• Description of the task
Write every line of the material again exactly, with no pictures in the copy.
[[ Exercise inputs, beginning ]]
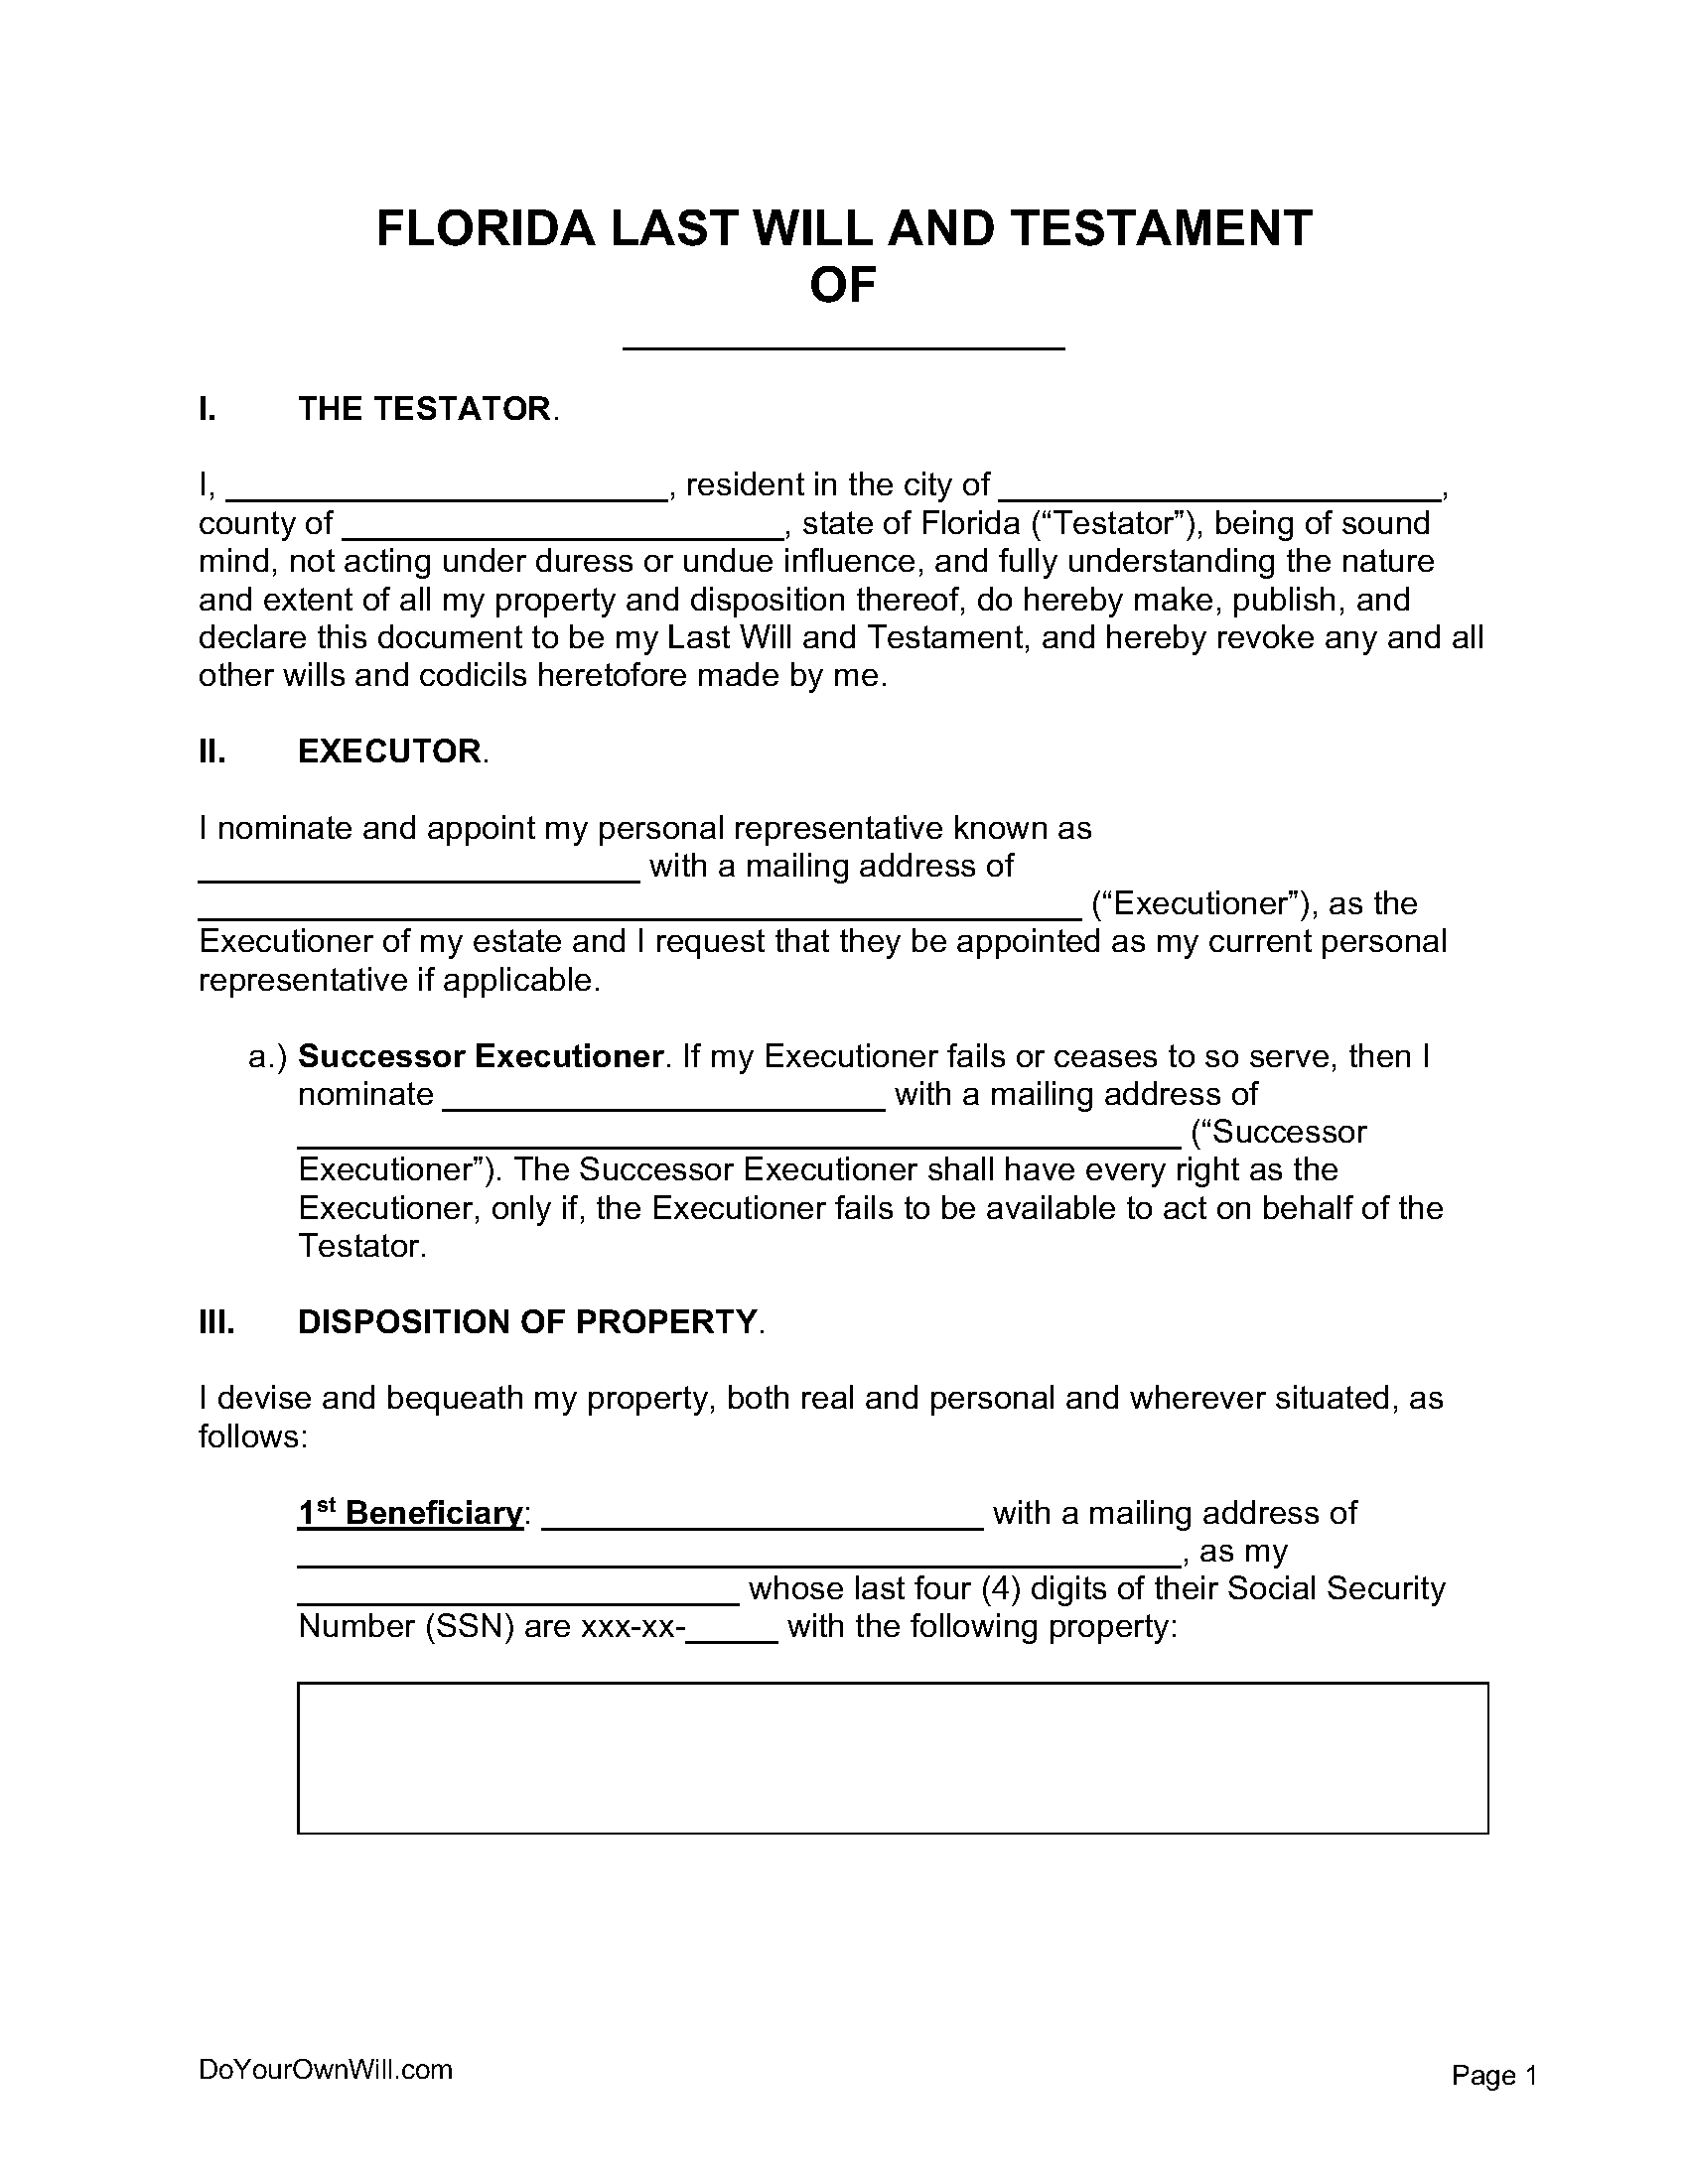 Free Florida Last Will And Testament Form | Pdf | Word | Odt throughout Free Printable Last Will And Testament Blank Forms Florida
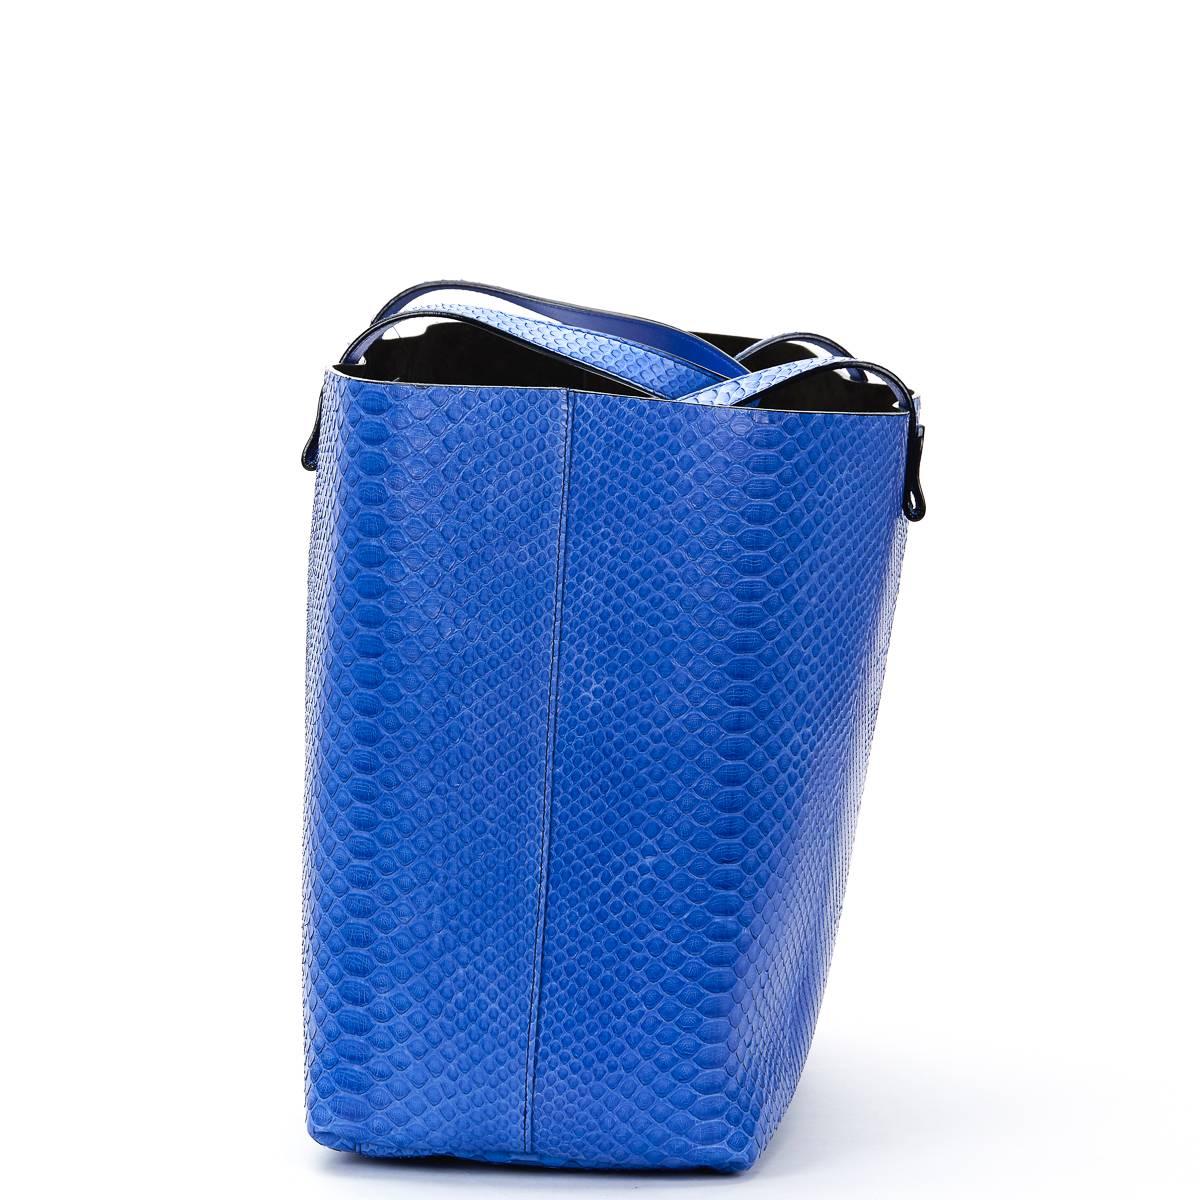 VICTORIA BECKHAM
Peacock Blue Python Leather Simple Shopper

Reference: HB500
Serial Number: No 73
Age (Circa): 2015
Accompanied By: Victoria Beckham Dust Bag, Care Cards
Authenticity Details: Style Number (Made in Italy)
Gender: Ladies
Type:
[[ Exercise inputs, end ]]
• Written response
 Free Florida Last Will And Testament Form | Pdf | Word | Odt throughout Free Printable Last Will And Testament Blank Forms Florida
 VICTORIA BECKHAM
Peacock Blue Python Leather Simple Shopper

Reference: HB500
Serial Number: No 73
Age (Circa): 2015
Accompanied By: Victoria Beckham Dust Bag, Care Cards
Authenticity Details: Style Number (Made in Italy)
Gender: Ladies
Type:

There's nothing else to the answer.